Flavor Profile: 4.5/5
Value Profile 4.5/5 (around $30/bottle)
Imagine spring flowers and baby lamb running around pastures. Now imagine that baby lamb roasted and surrounded by roasted garlic with rose petal essence. 2003 a hot year in Piedmont limited this wine to the more value-oriented tan label vineyards blend. Mores the better for us! It is sanguine red in the glass, yet still bright and clear enough to see through slightly, with a brickish and rose hue. The ruddy colors are further carried in the smell… Pungent red cherry, both dried and fresh red rose petals, tar and cola, all leap out and are apparent. There are some other dark scents that are somewhat masked by the perfume, tar, and cola; that I could not quite identify – potentially some clay earth and marrow. The flavors also mirrored the scents and this isn’t what I would qualify as a thinkers wine, but hold your doubts, bare your canines and tear in. Very red cherries, rose perfume and incense, tar and cola, marrow, and with a dusty dry red brick clay finish. While this maybe not a thinker’s wine; it is a good wine, and wolfishly I drank plenty. Definitely food friendly, it is grippy with its tannins, and it paired very well with the garlic and medium rare lamb with blood orange and potatoes with fennel it accompanied. It has a slight thickness to the mouth-feel and daring nature to it with the way it will grab your tongue if drank without food. Its felt to me as if a reduction of flavors, to concentrate them with a tannic and alcoholic lift or kick. Still its not the largest, neither most auspicious, nor most refined Barbaresco… however, a very good profile and value at its price. Still some floats around as well but it wont last long as the 04’s and 05’s are now available as well. Find your inner carnivore, let out a howl while pouring Produttori ’03, and feast. En Boca Lupo!
Flavor Profile: 4/5
Value Profile 4.5/5 ($26-28 for a Barbaresco – that should put a spring in your step)

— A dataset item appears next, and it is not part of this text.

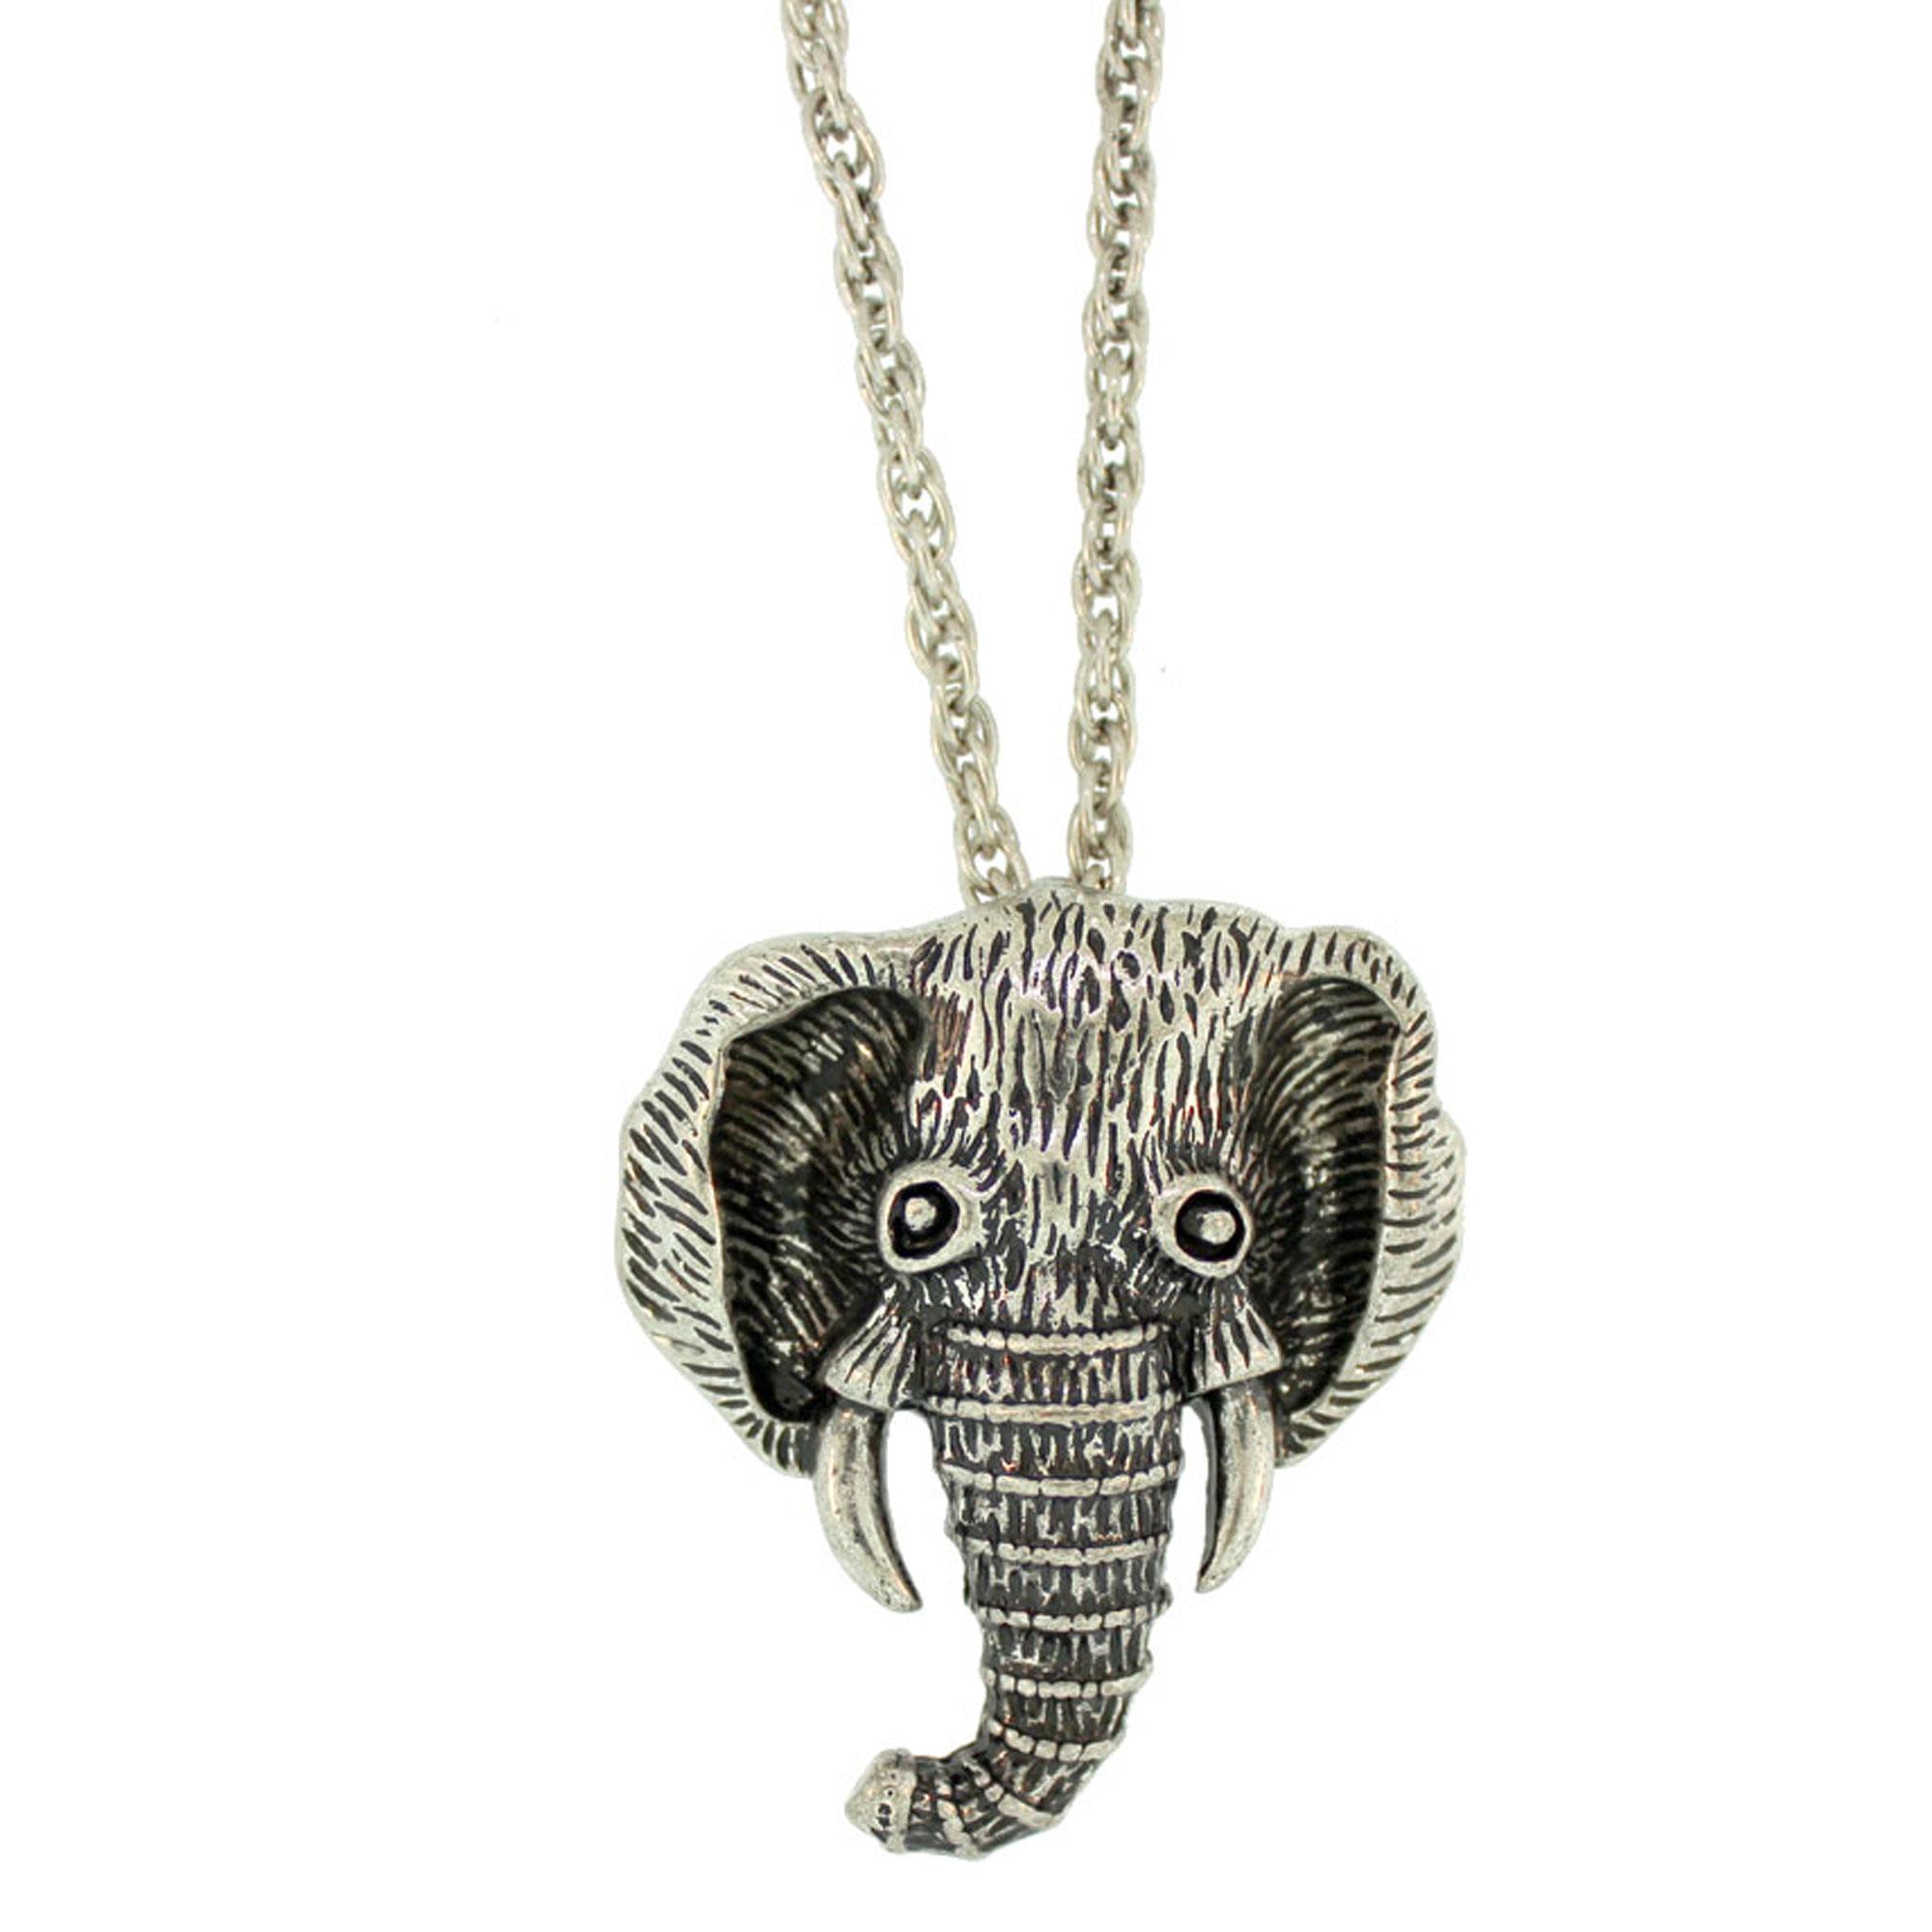 Burnished silver finish elephant head necklace igm elephant head pendant on a heavy chain jewelry aloadofball Images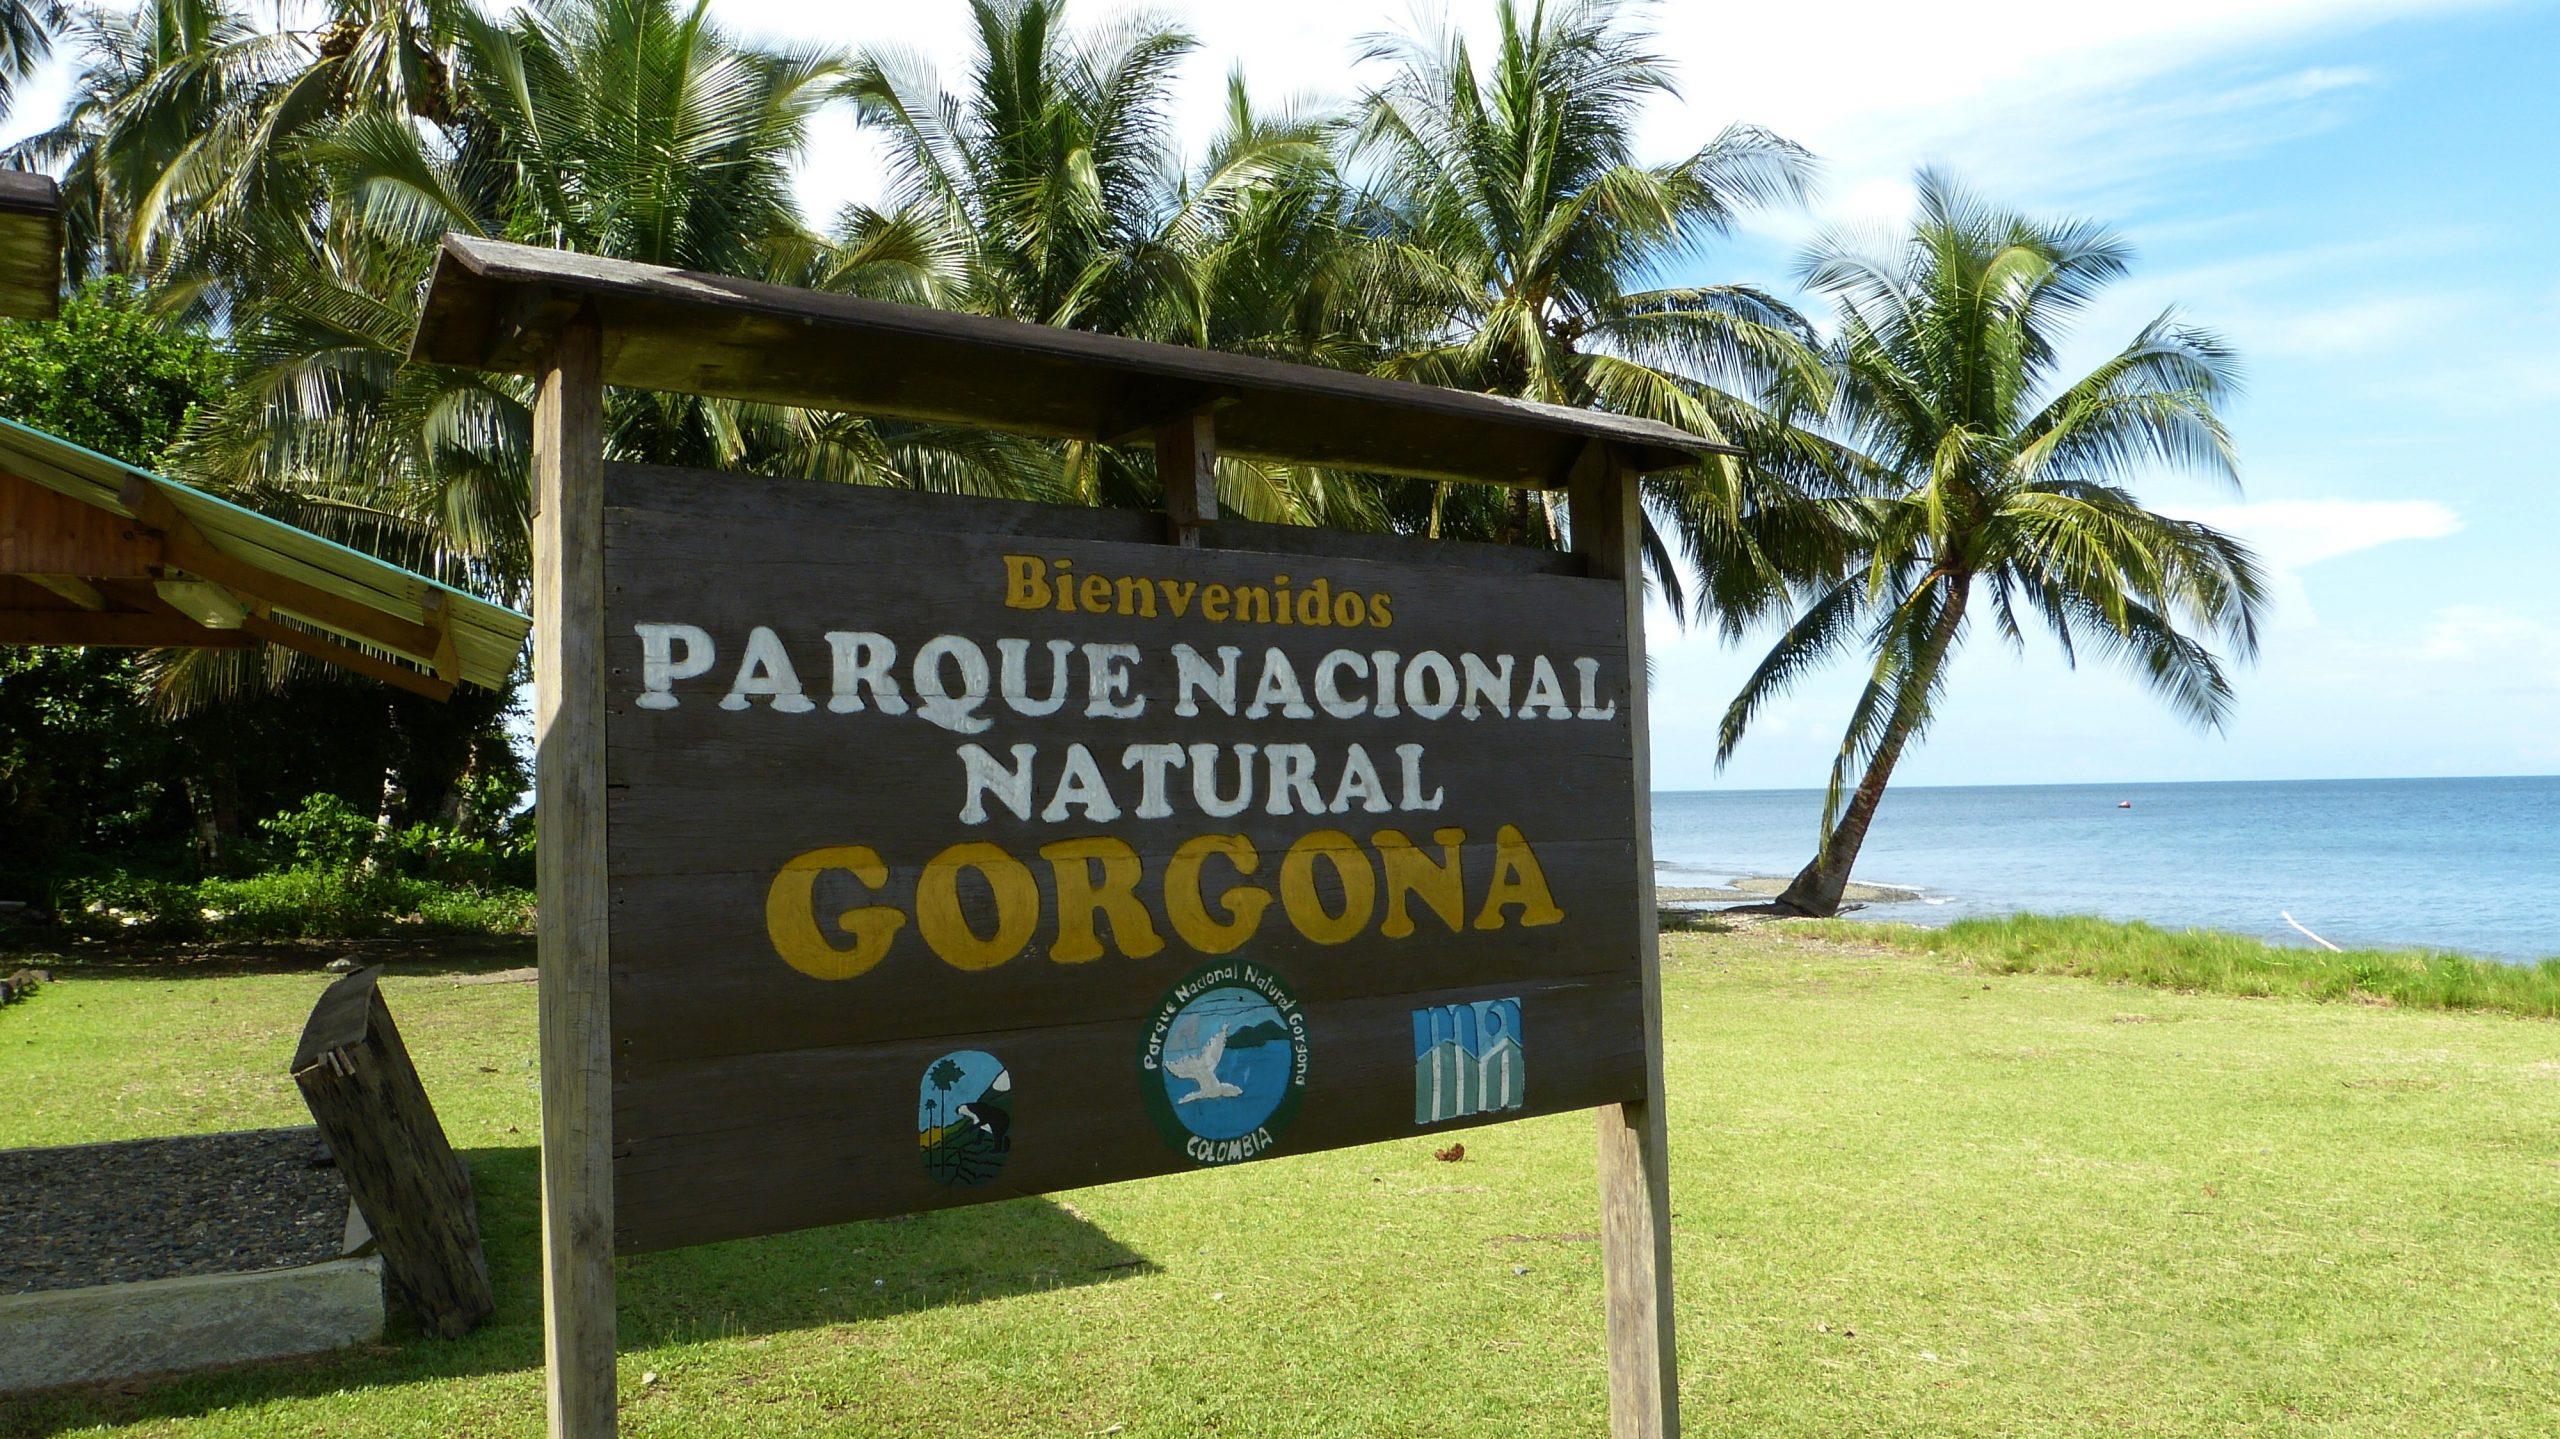 El Parque Nacional Natural Gorgona implementa sistema de paneles solares - FOTO-PEDRO-ACEVEDO-scaled

2007 Coteaux d'Aix en Provence Rosé, Commanderie de la Bargemone
I keep saying it; I’ll drink a rosé year round and there definitely is spring and summer encapsulated in many of these wines. This fine rosé hits that mark. Full of fresh green growth and new fruit, it seemed very much a warm spring wind out of some dry grassy gorge or off a farming plain. It’s from the Provence area of France and reflects the color of rosé I expect from there; coppery amber with a carnation pink hue. It has a scent I can only think of as dust and minerally chalk covered strawberries and raspberries, with a somehow contradictory bright clean lift at the end. It was a relaxing quaff of spring in the mouth… It reminded me of chewing on new green herbs and sweet grass, and then it transitioned to pure strawberry essence. That was of interest to me noting the palate transition from dry to off-dry as it progressed. The finish was dusty but lacked some acid to make this a truly great rosé of Provence. Lightly austere and different than some rosé you may be accustomed to; a good wine that is the dew on sweet grass with the scent and flavor of wild strawberry and its flowers. It should dully impress both rosé drinkers and those less familiar alike, especially paired with light seafood or grilled fare.
Flavor Profile: 4/5
Value Profile 4.5/5 ($12-14 is what you should find this for)
NV Drappier Champagne Carte d’Or
Have you had those foil wrapped chocolate in the shape of an orange you whack to split and eat? Well whack away with this champagne! Yellow and gold on the label I can imagine unwrapping this champagne whack-an-orange. Bright brittle golden yellow in color, it smelled of yeast, challah, and hazelnuts; it appeared very dry and bracing in the smell and you might expect very little fruit. However once in the mouth, wow, not at all what was expected. Bright citrus blends changing to orange coated in chocolate or cacao dust. Yes very much like the whack-an-orange chocolates but with a oval mouth-feel that rounded with hazelnut and other warm nut-butter-creamy-goodness finishing with a dry light tightly curled acid. Yes my dash description was a run on but I find myself wanting to run on and on about this wonderfully smooth sparkler. Orange, chocolate and nuts - No chocolate orange ever tasted so good. Did I say yum yet?